RADARPEKALONGAN.ID, BATANG – Pemerintah Kabupaten Batang mencatat adanya kekosongan jabatan pada 12 kepala desa dan 204 perangkat desa di wilayahnya. Situasi ini, yang tersebar di 239 desa, membuat kinerja pemerintah desa makin berat karena keterbatasan aparatur.
Kepala Dinas Pemberdayaan Masyarakat dan Desa (Dispermasdes) Kabupaten Batang, Rusmanto, menjelaskan bahwa dari 12 kursi kepala desa yang kosong, sembilan di antaranya karena pengunduran diri dan pensiun, sementara tiga lainnya tersandung kasus hukum.
“Saat ini jabatan kepala desa yang kosong untuk sementara diisi oleh sekretaris desa sebagai pelaksana harian. Namun kondisi ini hanya bersifat sementara hingga ada pengisian definitif yang sayangnya baru bisa dilakukan pada 2027,” ujar Rusmanto, Selasa (15/7/2025).
Baca Juga:DPRD Minta Pemkot Pekalongan Optimalisasi PAD, Soroti Anggaran Sampah & Program Makan Bergizi!Janji Terbayar! Seragam Gratis Faiz-Suyono Dibagikan, 20 Ribu Siswa Batang & UMKM Panen Rezeki!
Daftar desa yang mengalami kekosongan kepala desa antara lain Deles, Sangubanyu, Keniten, Ngadirejo, Besani, Sidalang, Denasri Wetan, Kluwih, dan Rowosari.
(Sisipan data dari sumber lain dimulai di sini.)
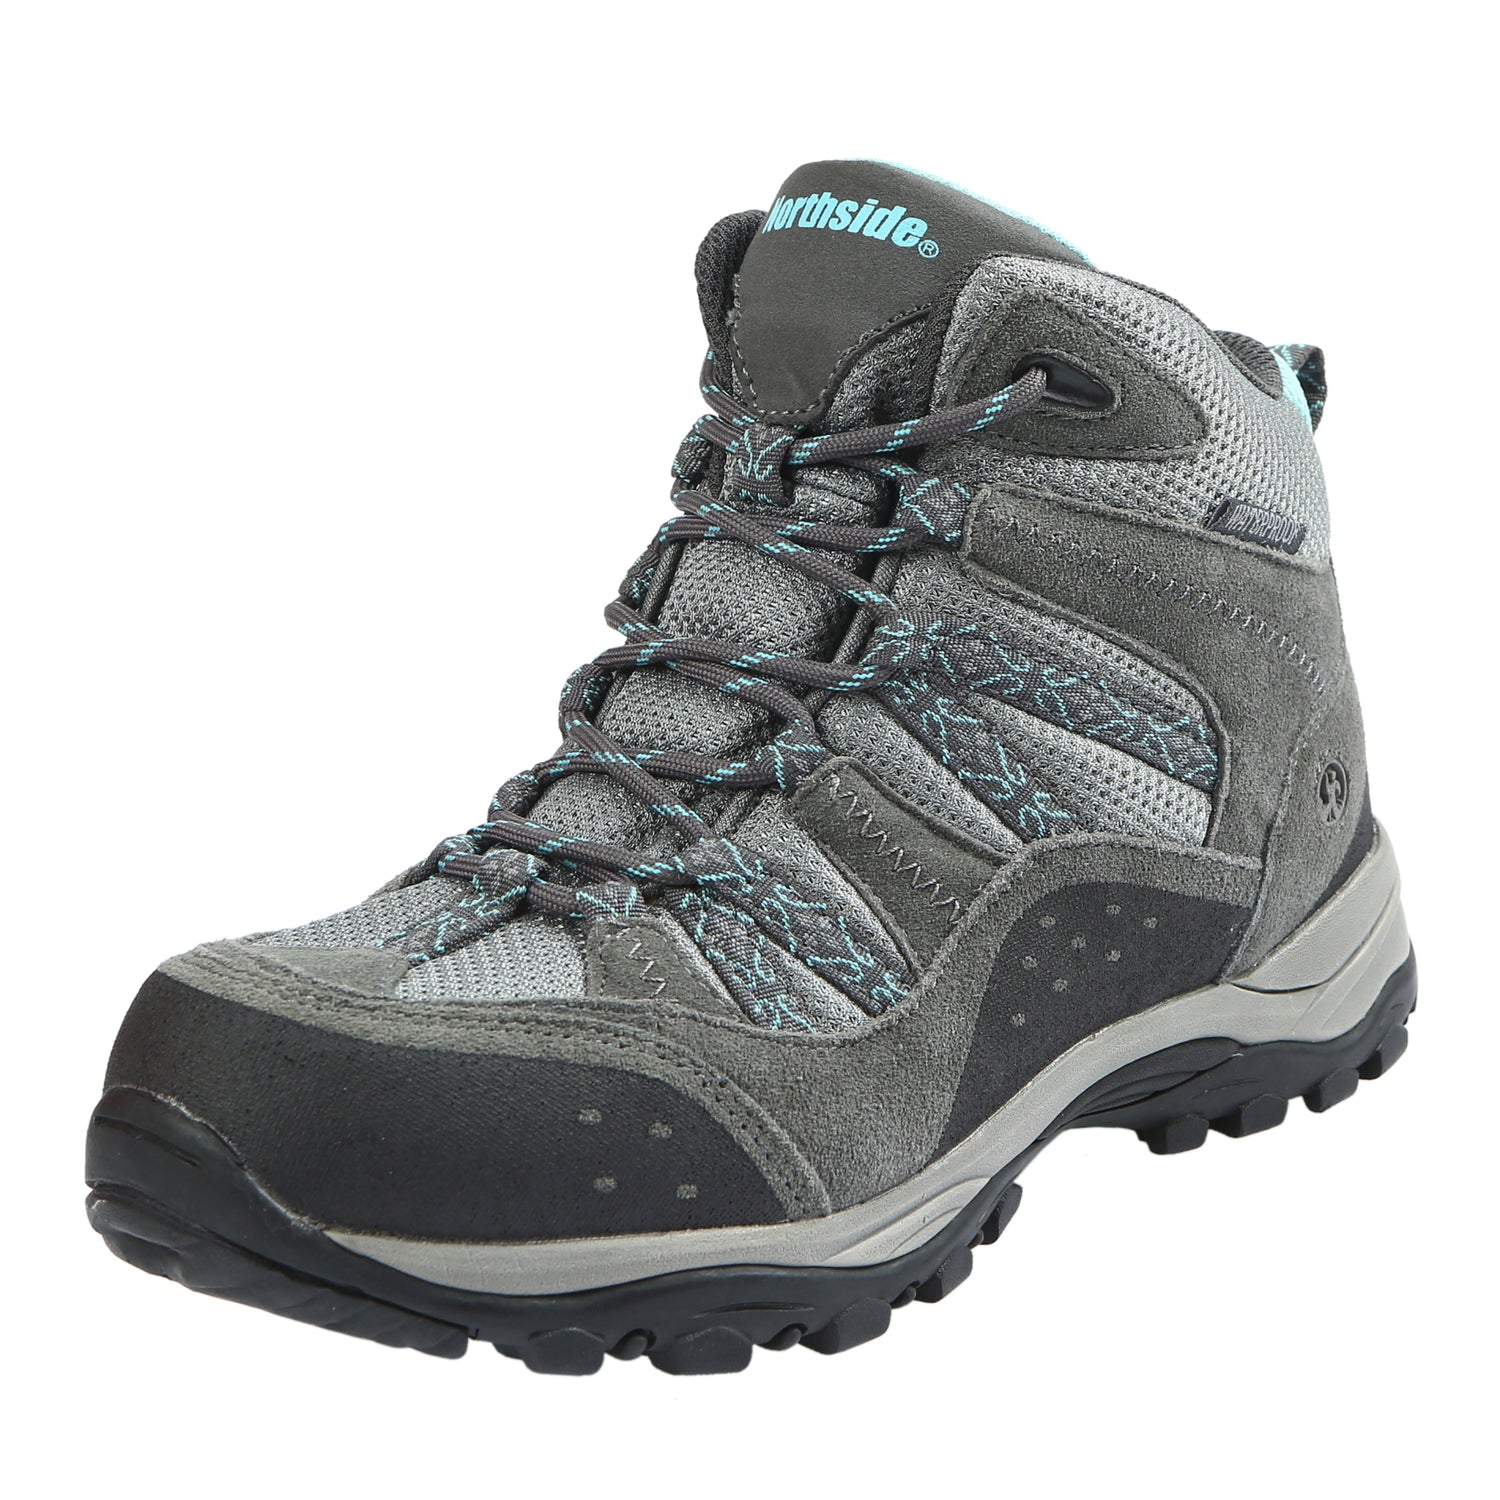 Northside Women's Freemont Mid Wide Waterproof Hiking Boots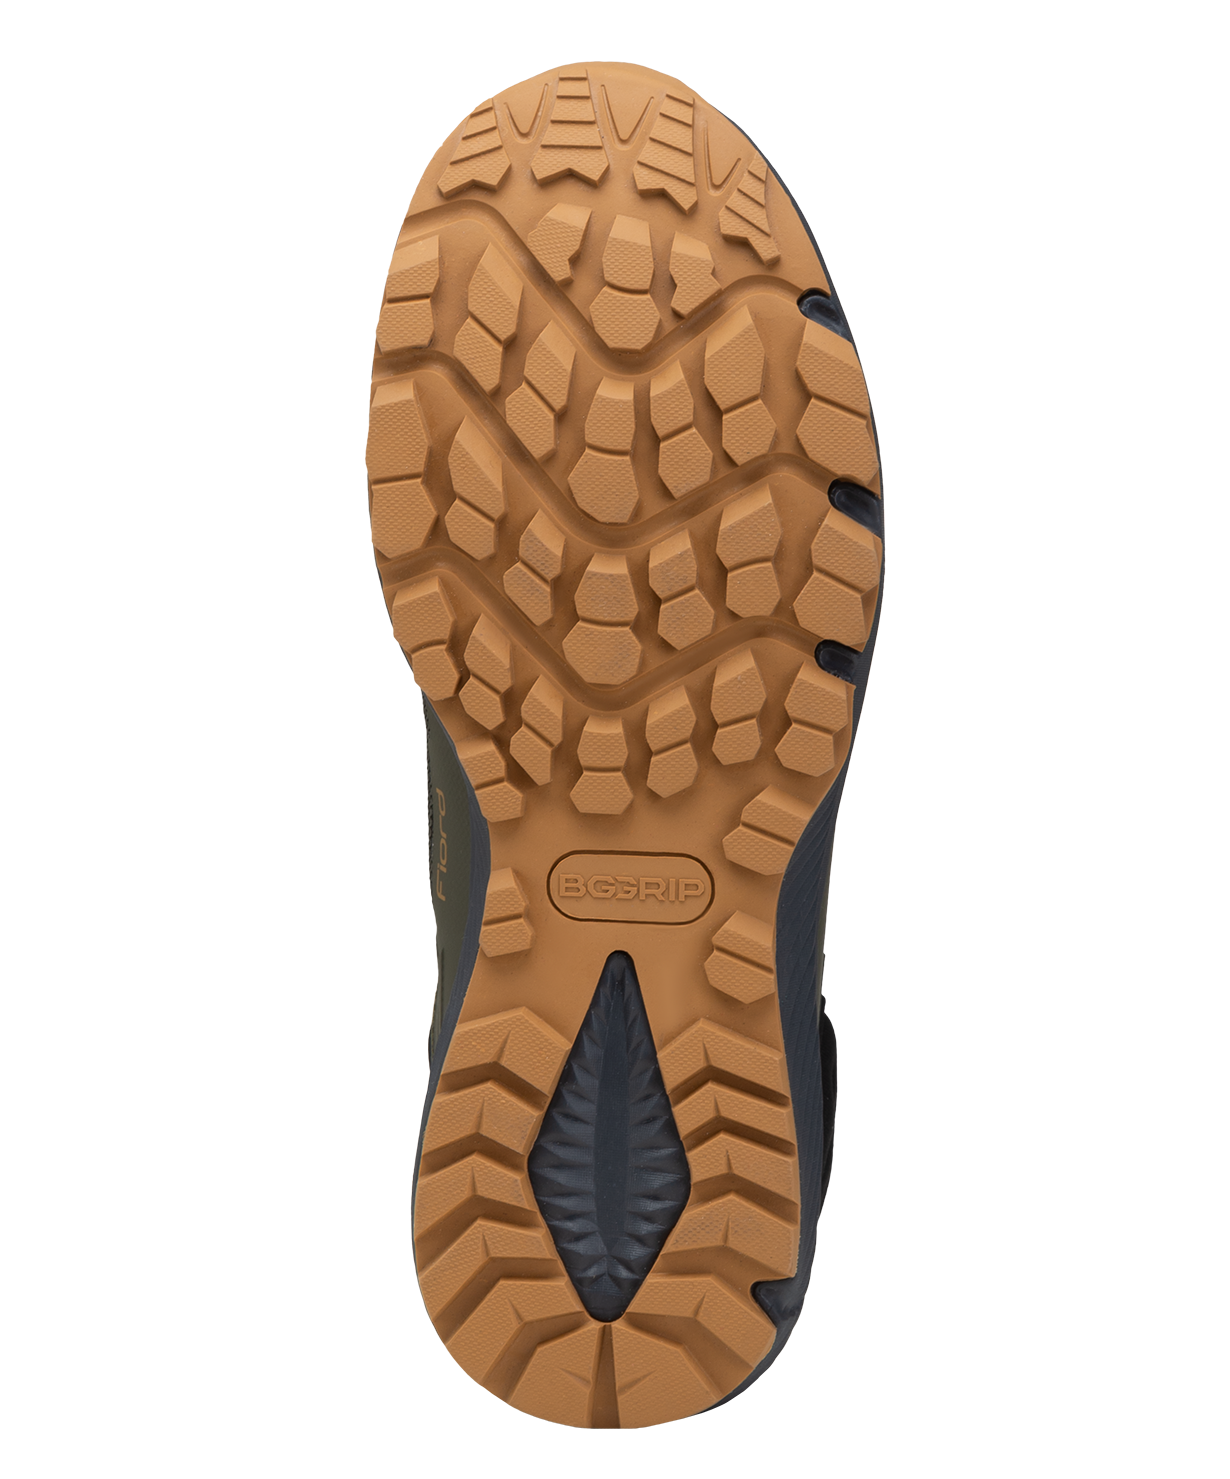 Ботинки Berger Fiord Waterproof, хаки/черный, мужской, р. 39-45 размер 40

Tiga desa yang kepala desanya tersandung hukum adalah Sidorejo (kasus perjudian), Mojotengah, dan Kalirejo (kasus penggelapan dan penadahan mobil rental).
Menurut Rusmanto, meskipun kekosongan bisa diisi melalui mekanisme Pengganti Antar Waktu (PAW), Kabupaten Batang masih terikat moratorium pemilihan kepala desa, baik serentak maupun PAW. “Pemerintah daerah mengacu pada surat edaran dari Kementerian Dalam Negeri dan Gubernur Jawa Tengah yang menegaskan bahwa untuk sementara pengisian kepala desa masih dimoratorium,” jelas Rusmanto, merujuk pada SE Mendagri No. 100.3.5.5/2625/SJ, SE Gubernur Jateng No. 400.10.2/0004873, dan Surat Kepala Dispermasdes Batang No. P/92/400.10.2.2/II/2025.
Tak hanya kepala desa, kondisi serupa juga terjadi pada 204 posisi perangkat desa yang hingga kini masih kosong. “Belum ada pelaksanaan pengisian perangkat desa. Karena saat ini sedang terjadi perubahan regulasi yang cukup mendasar,” kata Rusmanto.
Perubahan tersebut terjadi karena berlakunya Undang-Undang Nomor 3 Tahun 2024 sebagai revisi dari UU Desa Nomor 6 Tahun 2014. Salah satu poin penting adalah proses pengangkatan dan pemberhentian perangkat desa kini harus mendapat persetujuan dari bupati, bukan lagi rekomendasi camat. Namun, aturan teknis pelaksanaannya belum tersedia, sehingga pemerintah daerah masih menunggu kejelasan petunjuk dari pusat.
“Kami masih menunggu aturan pelaksanaannya, apakah bisa langsung menggunakan UU 3 Tahun 2024 atau harus menunggu turunan berupa peraturan pemerintah,” jelasnya.